_Exercise instructions_: Output the whole listing exactly, with no pictures.

_Provided material_:
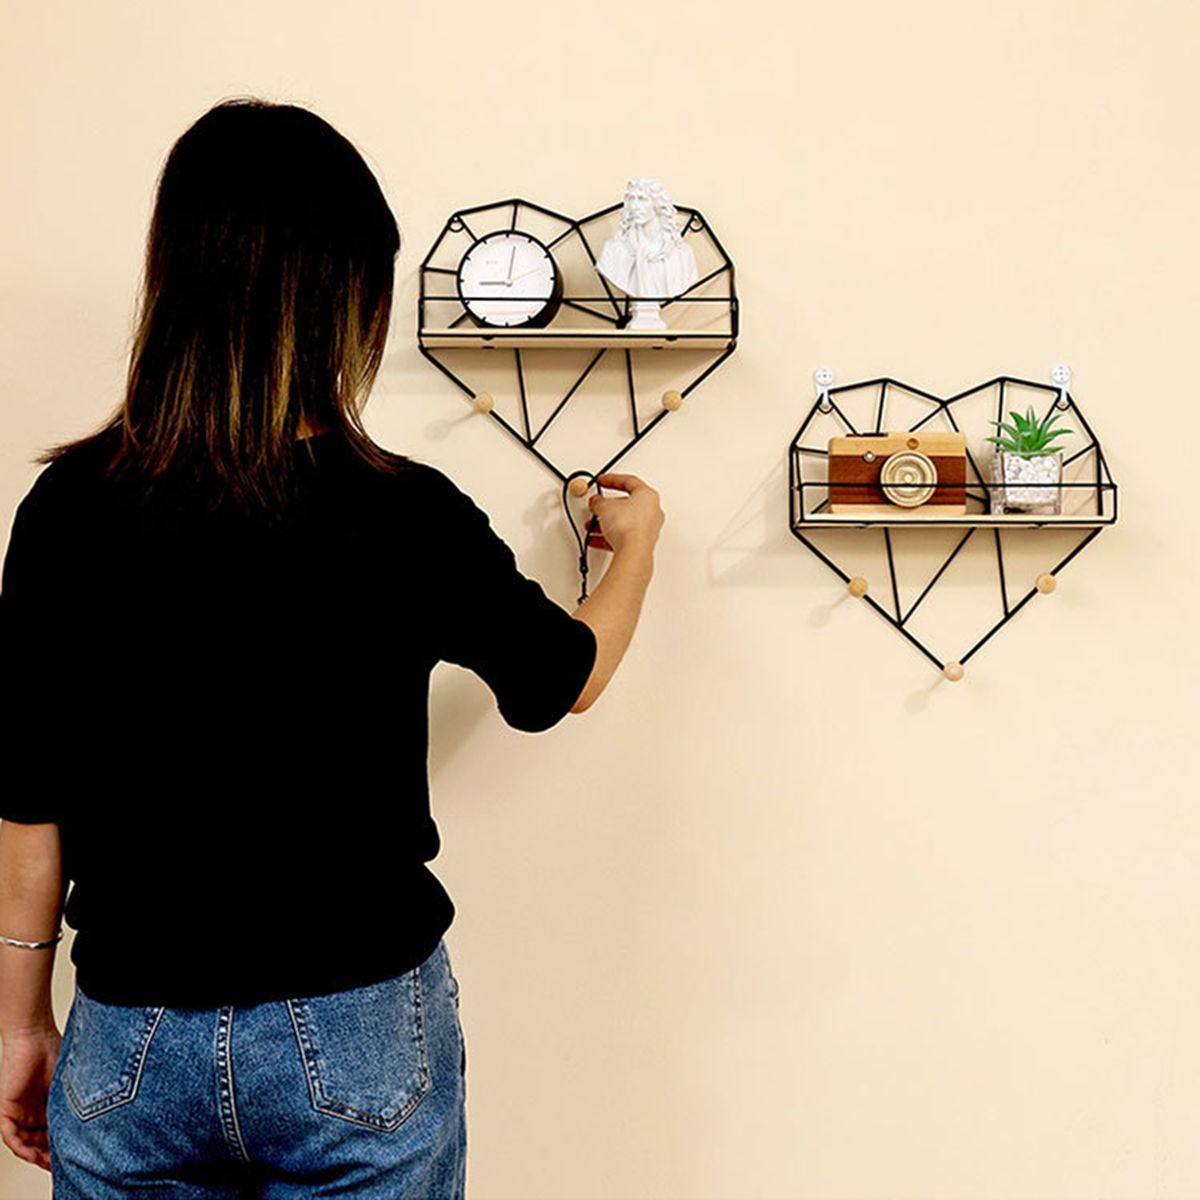 Heart-Shaped-Metal-Wire-amp-Wooden-Rack-Wall-Unit-Hanging-Shelf-1726195
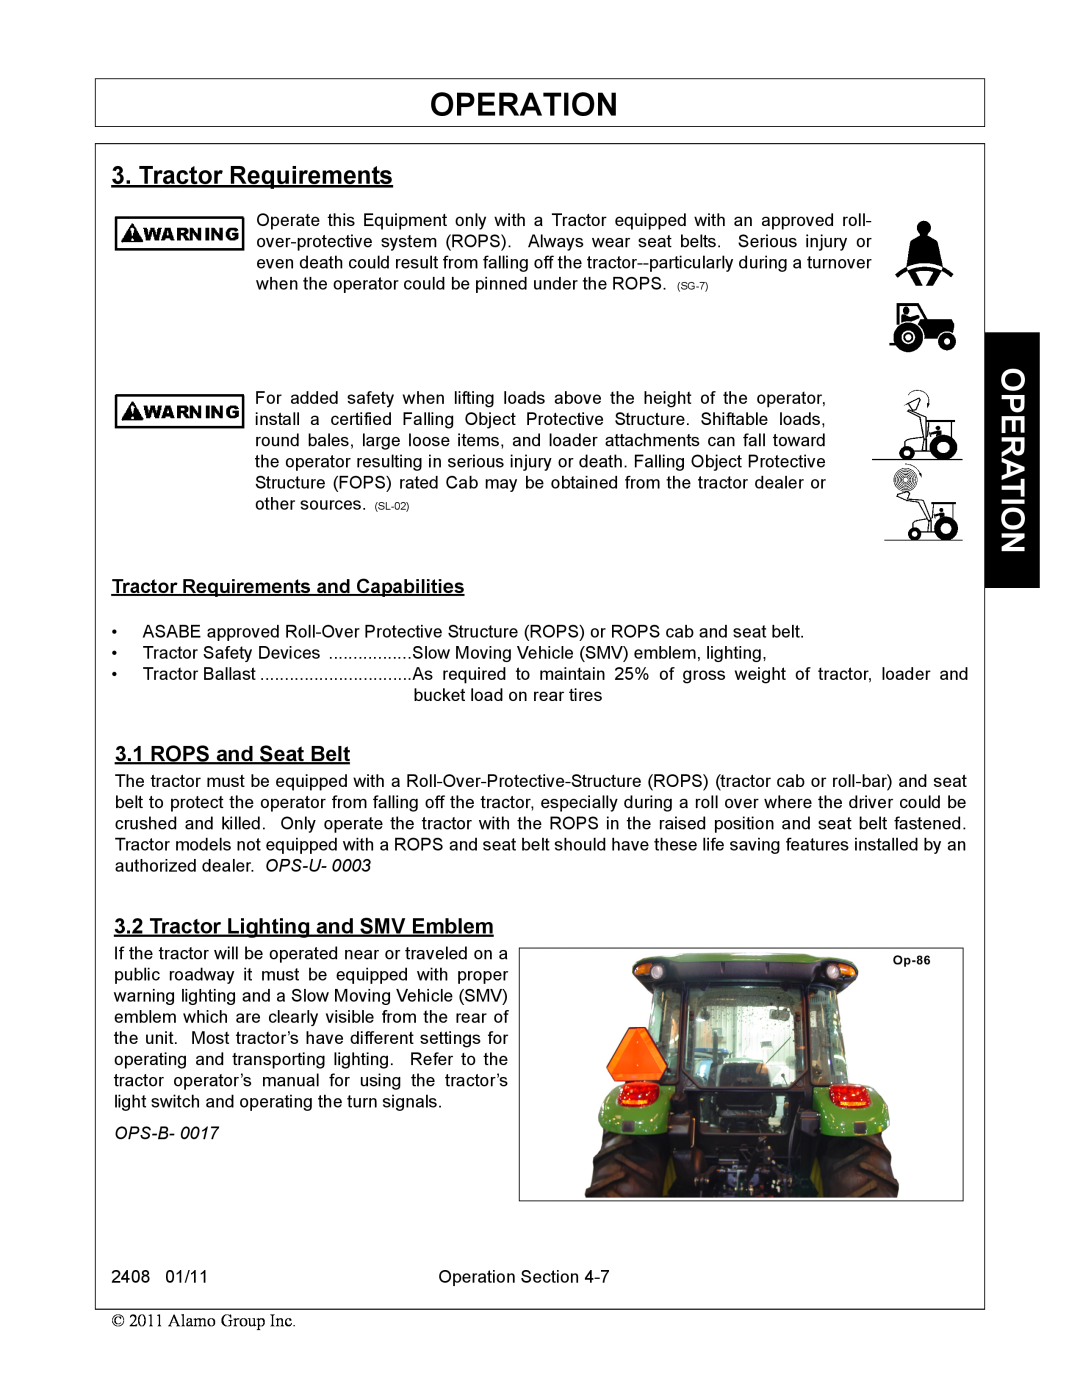 Rhino Mounts 2408 manual Operation, Tractor Requirements, ROPS and Seat Belt, Tractor Lighting and SMV Emblem, Ops-B 
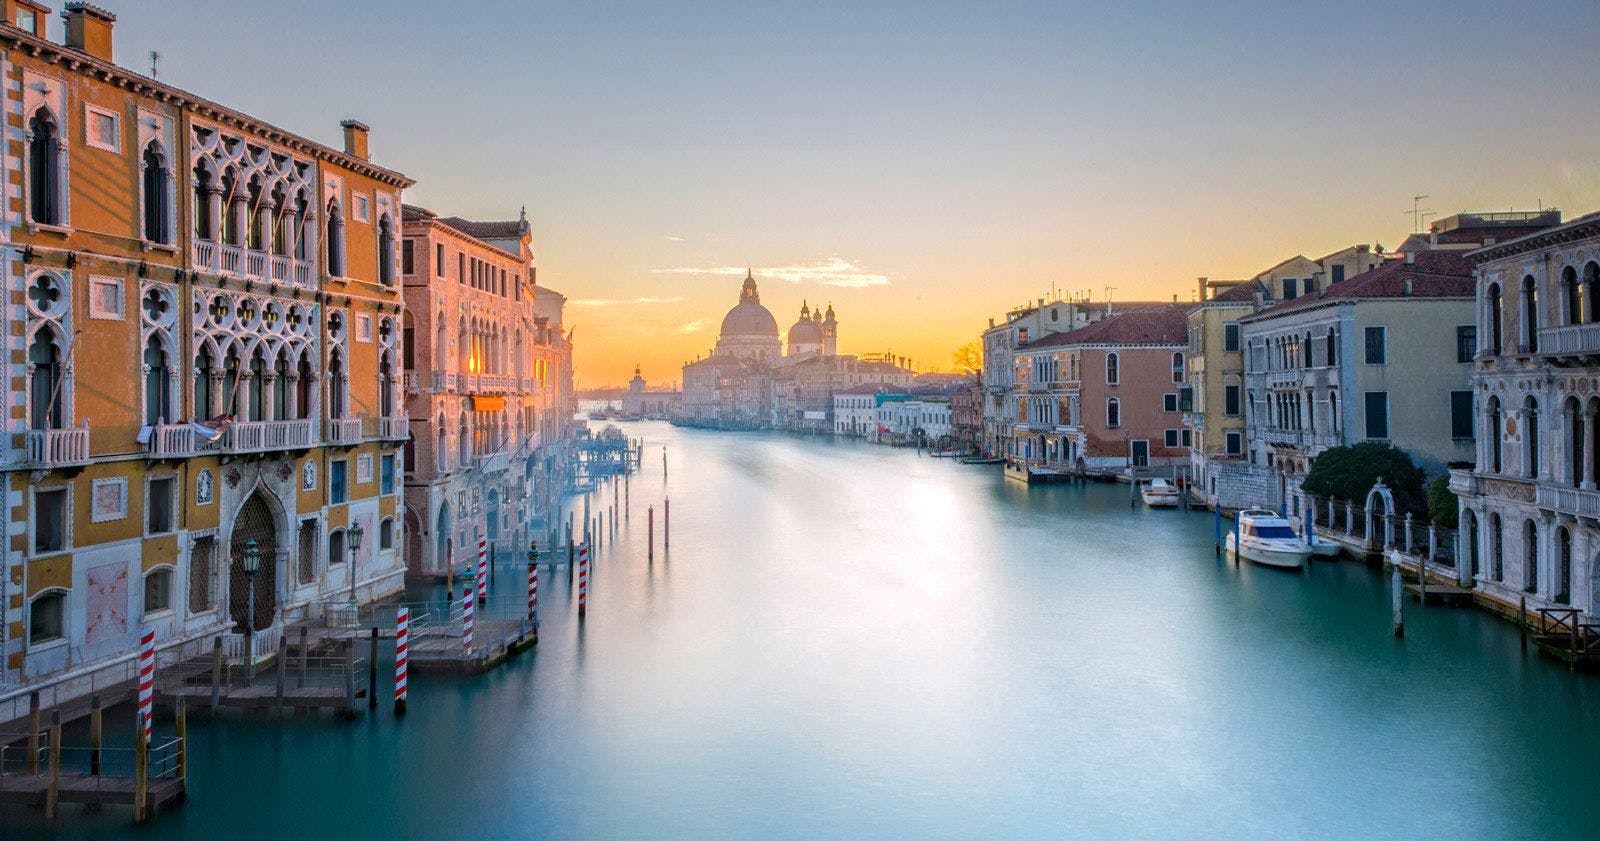 The Grand Canal of Venice on a misty morning
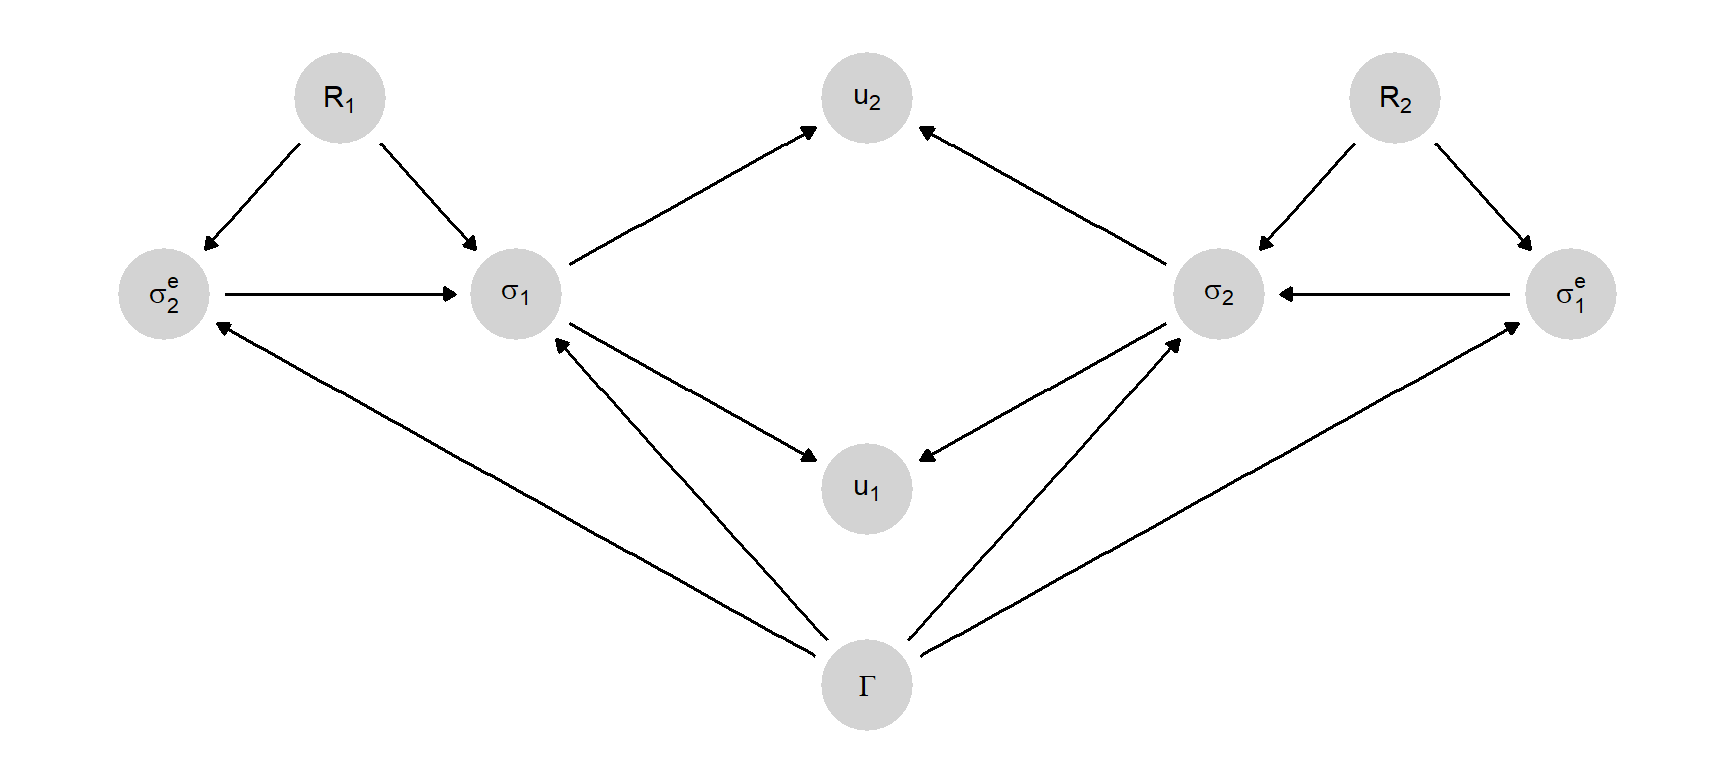 Formal structure of a normal form game (4).

_Solution_:
 Heart-Shaped-Metal-Wire-amp-Wooden-Rack-Wall-Unit-Hanging-Shelf-1726195
 Rhino Mounts 2408 manual Operation, Tractor Requirements, ROPS and Seat Belt, Tractor Lighting and SMV Emblem, Ops-B 
 The Grand Canal of Venice on a misty morning
 Formal structure of a normal form game (4).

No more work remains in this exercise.